Hoss’ character in “Tár” — Lydia’s (Blanchett) partner but also the first violinist of the Berlin symphony — is more emotionally restricted and always watching. In “Hedda,” Hoss gets to unleash emotionally, though onscreen breakdowns never take a piece out of her the way they might other actors.
“I’m good at switching off because, at the end of the day, I experience it in this moment. I just try to live it in that moment, and then when it’s over, it’s over,” Hoss said. “You have to hold it at a certain energy level because you know you probably have to do it several times. So I know I can’t relax, but I don’t stay in it because I’m not living it then. Once the scene is over, I have a little break, and then I go back in, but I don’t carry it. It’s not intervening in my life.”
But, Hoss said, it depends what you’re working on. “If it’s continuously dark, like when I did ‘Medea,’ that puts you into a slightly depressive mode. To motivate what she’s doing, and what she’s going through, to put her in that moment, is so dark and heavy that it’s hard [not to] get into a bad mood about the world and life, everything, relationships. It does trickle into your life, the material you work on. But when we talk about Eileen, I go full in, and then I have to go out to regain some energy again. If I would stay in it the whole time, I would be completely depleted.”
The most potent moment in “Hedda,” for Hoss and the audience, is the scene in which Eileen arrives at Hedda’s party, with Thompson affixed, Spike Lee-style, on a floating dolly as she’s drawn amorously toward her former lover. Eileen stands there, domineeringly, in a position of power and seduction.

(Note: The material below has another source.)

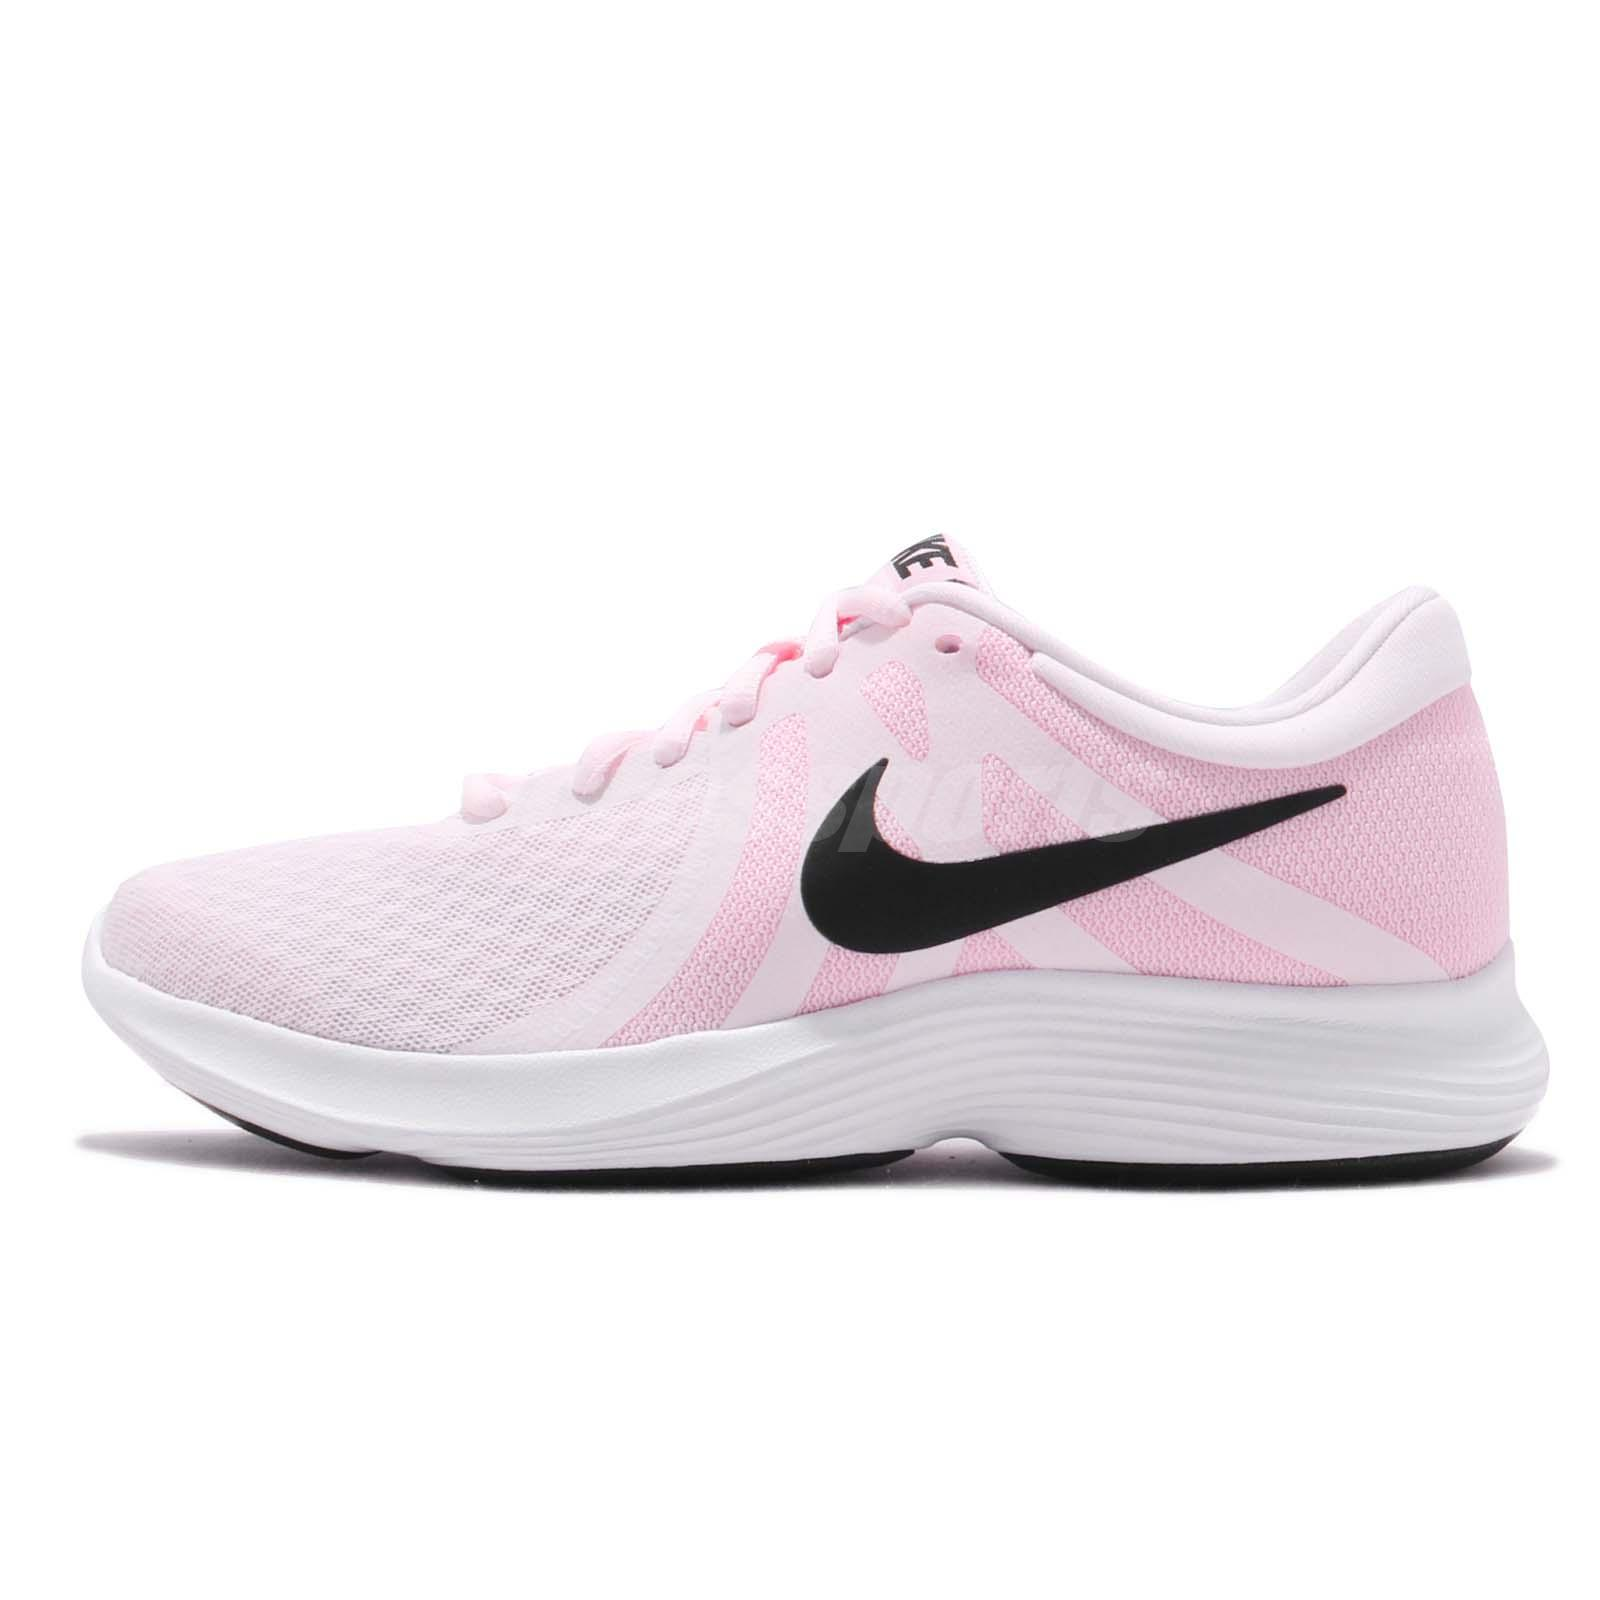 466674e5a5525 Nike Wmns Revolution 4 Pale Pink Black Womens Running Shoes Runner  908999-604

“I had no idea up until that moment, even though we had rehearsed. Tessa had always just walked up to me, which I found quite strong, also. So I thought, OK, that’s what we’re doing. Nia didn’t talk to me about that,” Hoss said. “When I came down to the room and saw Tessa being strapped on this dolly, I said, ‘What are we doing? What’s happening?’ But then it just made so much sense, and I felt very appreciative that, in a way, my character and therefore also me, the actress inhabiting this character, gets this huge present of an entrance like that. I can’t act that as the others have to do. This moment is there, where time stands still.”
”Hedda” is now streaming on Prime Video.